I have an array of zeros and ones and I need to know if the data is spread across columns or concentrated in clumps.

For example:

If I have an array x

and it has the following values:

Column 1 values: 1 1 0 0 0 0 0 0 0 0 0 0 0 0 0 0 0 0 0 0 1 1 1 1

Column 2 values: 1 0 0 1 0 0 0 0 0 0 0 1 0 0 0 0 1 0 0 1 0 0 0 1

if we count the number of those we can know that it is the same number, but those are more well distributed and distributed in column 2 compared to column 1.

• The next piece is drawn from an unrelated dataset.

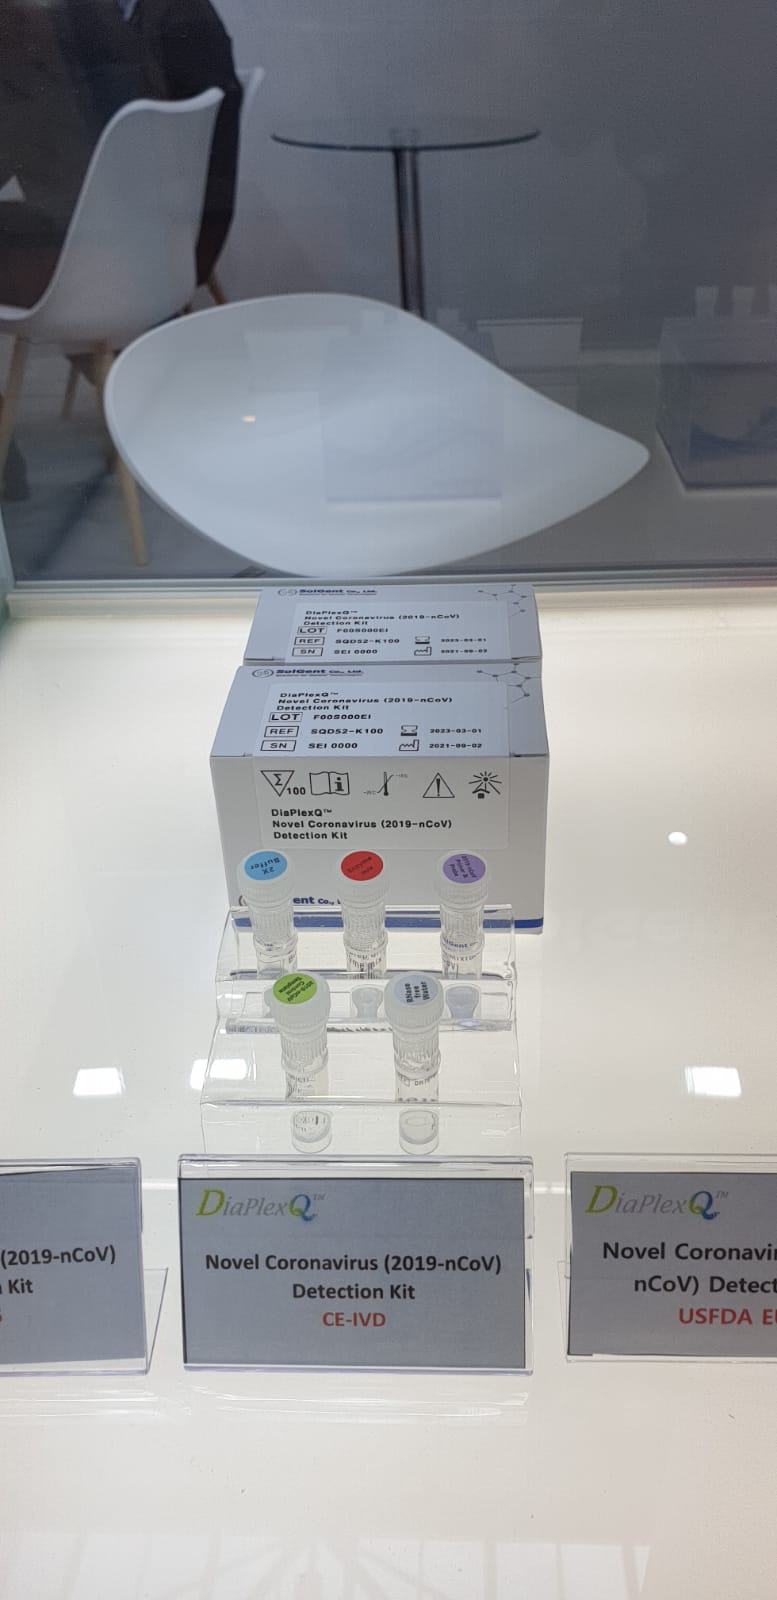 Novel Coronavirus (2019-nCoV) Detection Kit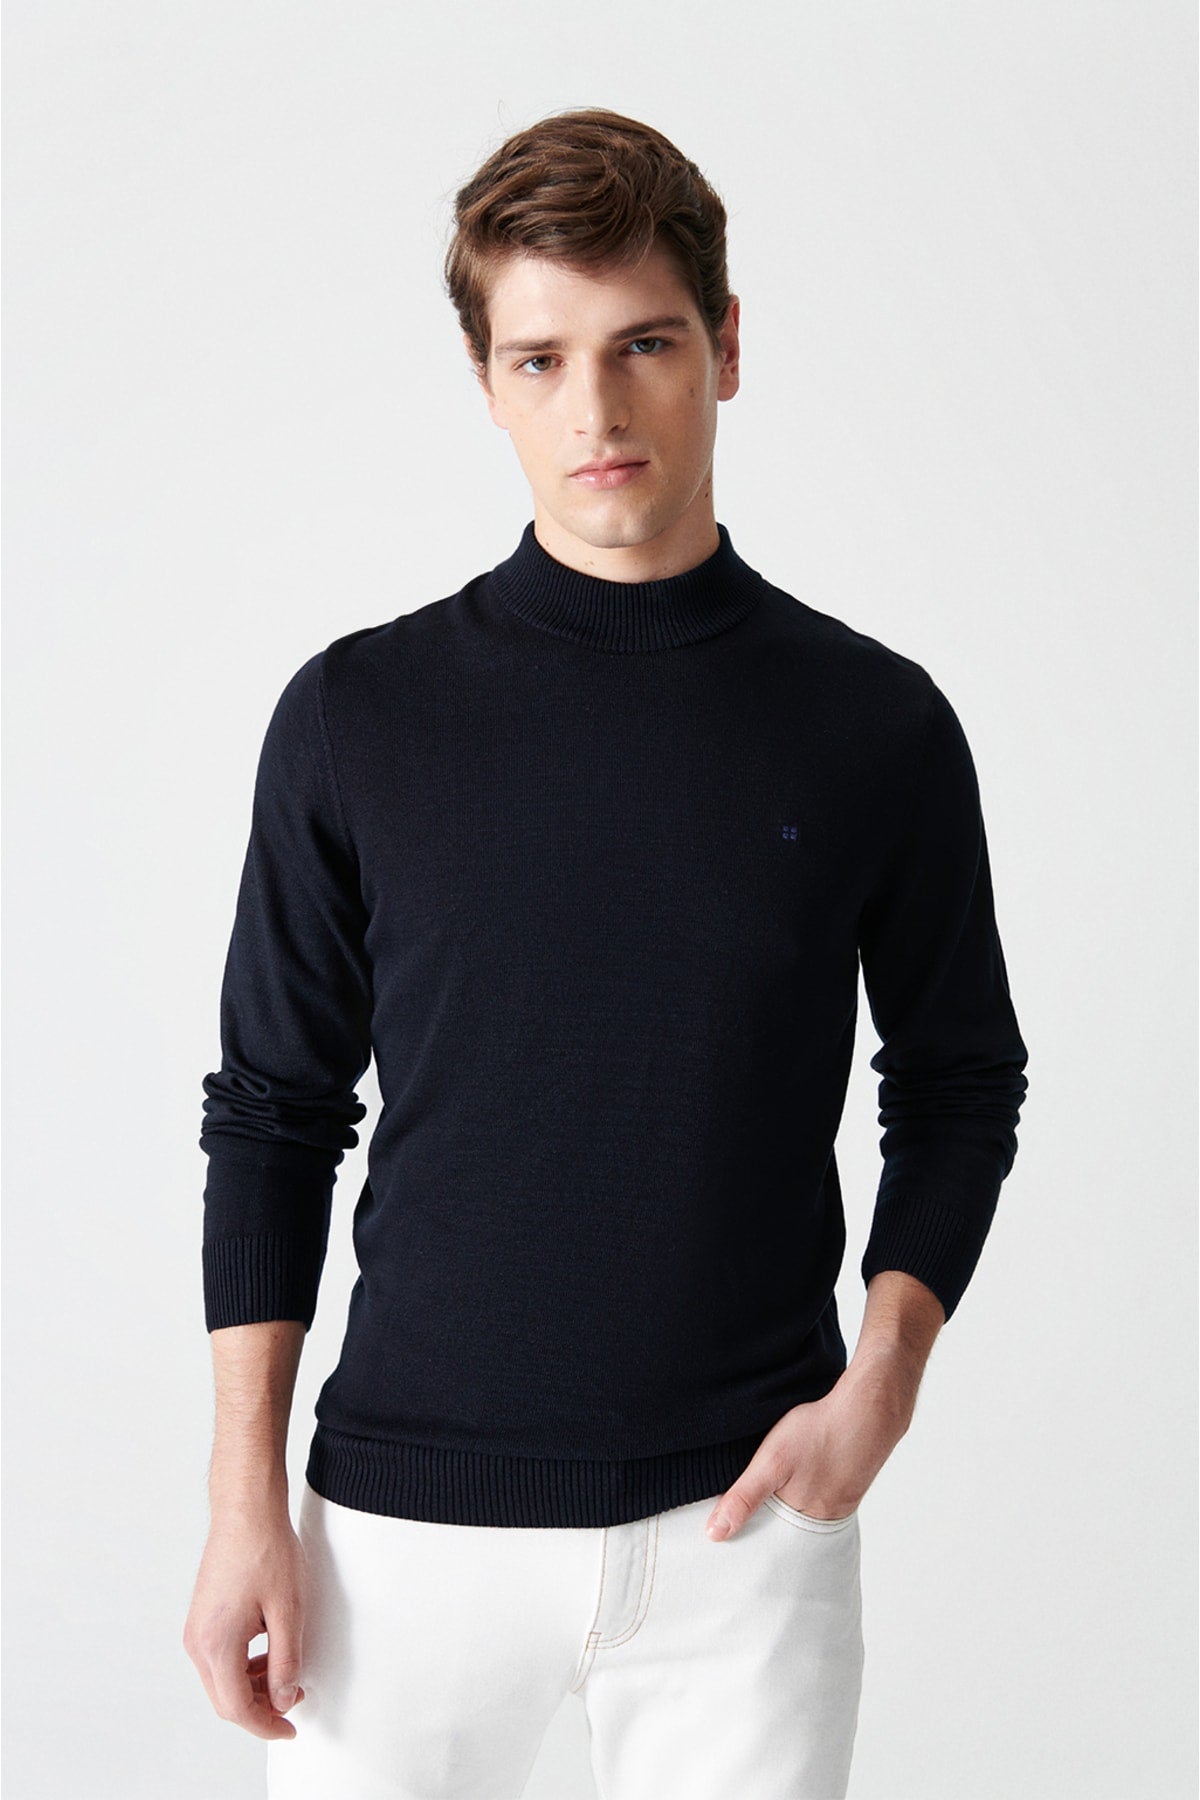 Unisex navy blue half -fisherman collar feathered knitwear sweater E005001

I am trying to make a score that gives me great value if the spread is good and low value if the spread is bad ... any ideas

Sample data:

1 0 0 0 5 0 -2 -3  0 0 1
1 0 0 0 0 0  0  0  0 0 1
2 0 0 0 0 0  0  3 -3 1 0
1 2 3 0 5 0  2 13  4 5 1
1 0 0 0 0 0 -4 34  0 0 1

      

+3


source to share


2 answers


I think you are trying to measure the variance of the distribution of a number 0

between 1

s, ie:

f = @(x)std(diff(find(x)))

      

So for you the data is:

a = [1 1 0 0 0 0 0 0 0 0 0 0 0 0 0 0 0 0 0 0 1 1 1 1]
b = [1 0 0 1 0 0 0 0 0 0 0 1 0 0 0 0 1 0 0 1 0 0 0 1]

f(a)
    = 8.0498

f(b)
    = 2.0736

      

But I still think you are essentially trying to measure the disorder of the system, what I imagine is how entropy measurements do it, but I don't know how



Note that this gives a low value if "spread" is good and a high value if it is bad (ie the opposite of your query).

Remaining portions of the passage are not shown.